Situasi Sirte Semakin Kritis
2 Oktober 2011Situasi warga di kota Sirte semakin buruk. Palang Merah menyatakan Sabtu kemarin (01/10) berhasil membawa obat-obatan di tengah pertempuran yang terus berlangsung di kota tempat kelahiran bekas penguasa Muammar Gaddafi itu. Akibat pertempuran yang tak kunjung henti antara pendukung dan penentang Dewan Transisi Nasional (NTC), sejumlah besar orang tidak dapat keluar dari kota itu, dan mereka semakin kekurangan pangan serta obat-obatan.
Meskipun demikian, ratusan warga sipil berhasil lari dari pertempuran. Untuk menjamin keamanan mereka, Dewan Transisi Nasional menyerukan gencatan senjata selama dua hari. Pejuang pemerintah transisi mengatakan, pesawat Pakta Pertahanan Atlantik Utara (NATO) menyebarkan selebaran, yang berisi dorongan agar penduduk di kota yang dihuni sekitar 100.000 orang itu melarikan diri.
Pertempuran Terus Berlanjut
Sebuah truk yang membawa obat-obatan dan dua kendaraan milik Palang Merah Internasional dihentikan pendukung pemerintah sementara NTC di pos pemeriksaan yang berlokasi sekitar dua kilometer dari pusat kota.

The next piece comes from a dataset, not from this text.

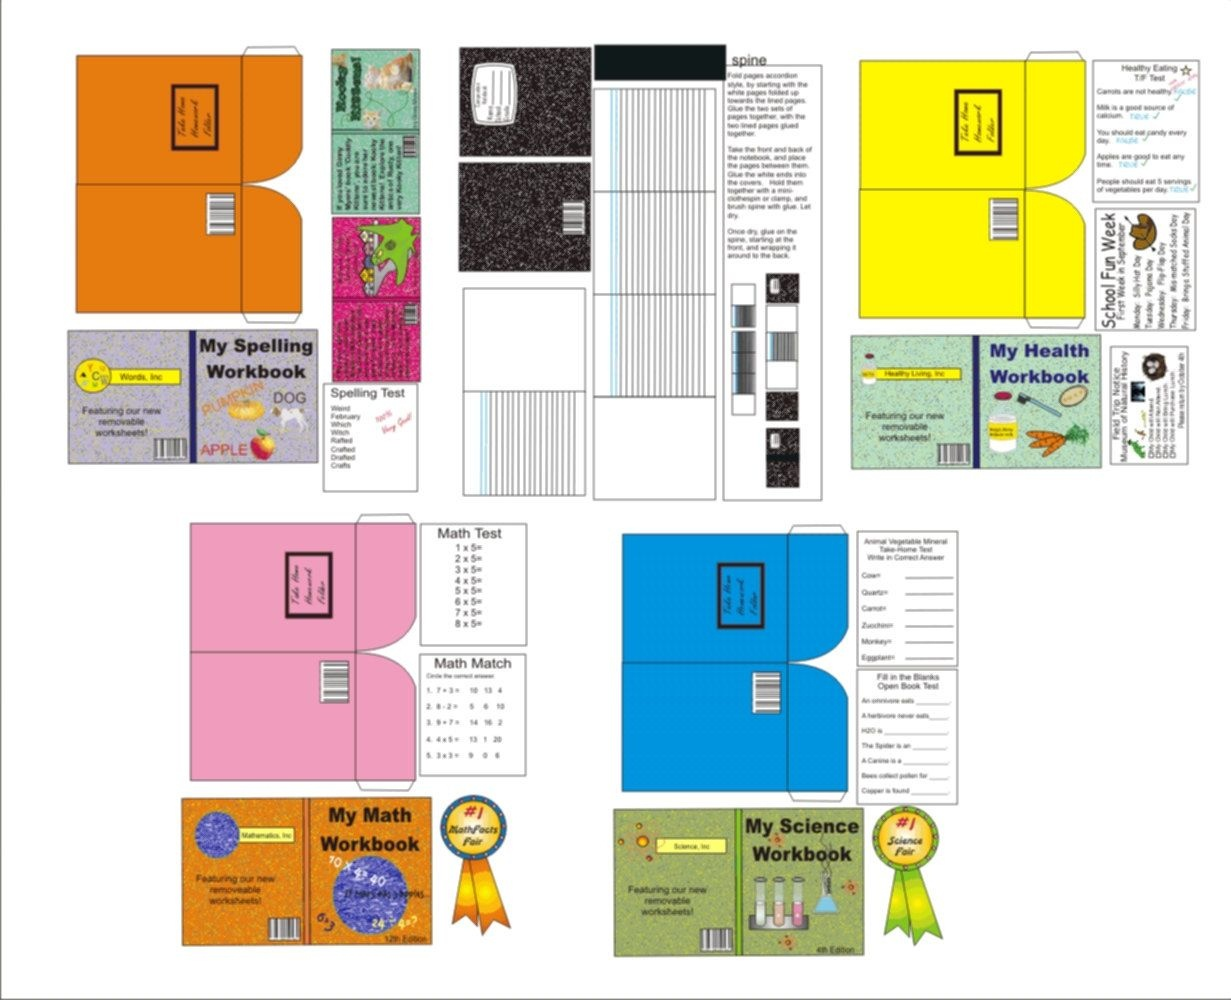 Ag+Doll+Printables+School+Supplies | Like This Item? | Diys - Myfroggystuff Blogspot Free Printables

Mereka baru diijinkan melanjutkan perjalanan jika keadaan sudah memungkinkan. Tetapi pertempuran terus berlanjut.
Sirte adalah salah satu dari dua markas pendukung Gaddafi yang belum jatuh ke tangan pemerintahan transisi. Pertempuran besar di Sirte sudah berlangsung sejak dua pekan lalu. Sejak pertempuran dimulai, Palang Merah sudah berusaha memasuki kota itu. Organisasi pertolongan tersebut juga berusaha membawa bantuan dengan kapal, tetapi keamanannya tidak terjamin.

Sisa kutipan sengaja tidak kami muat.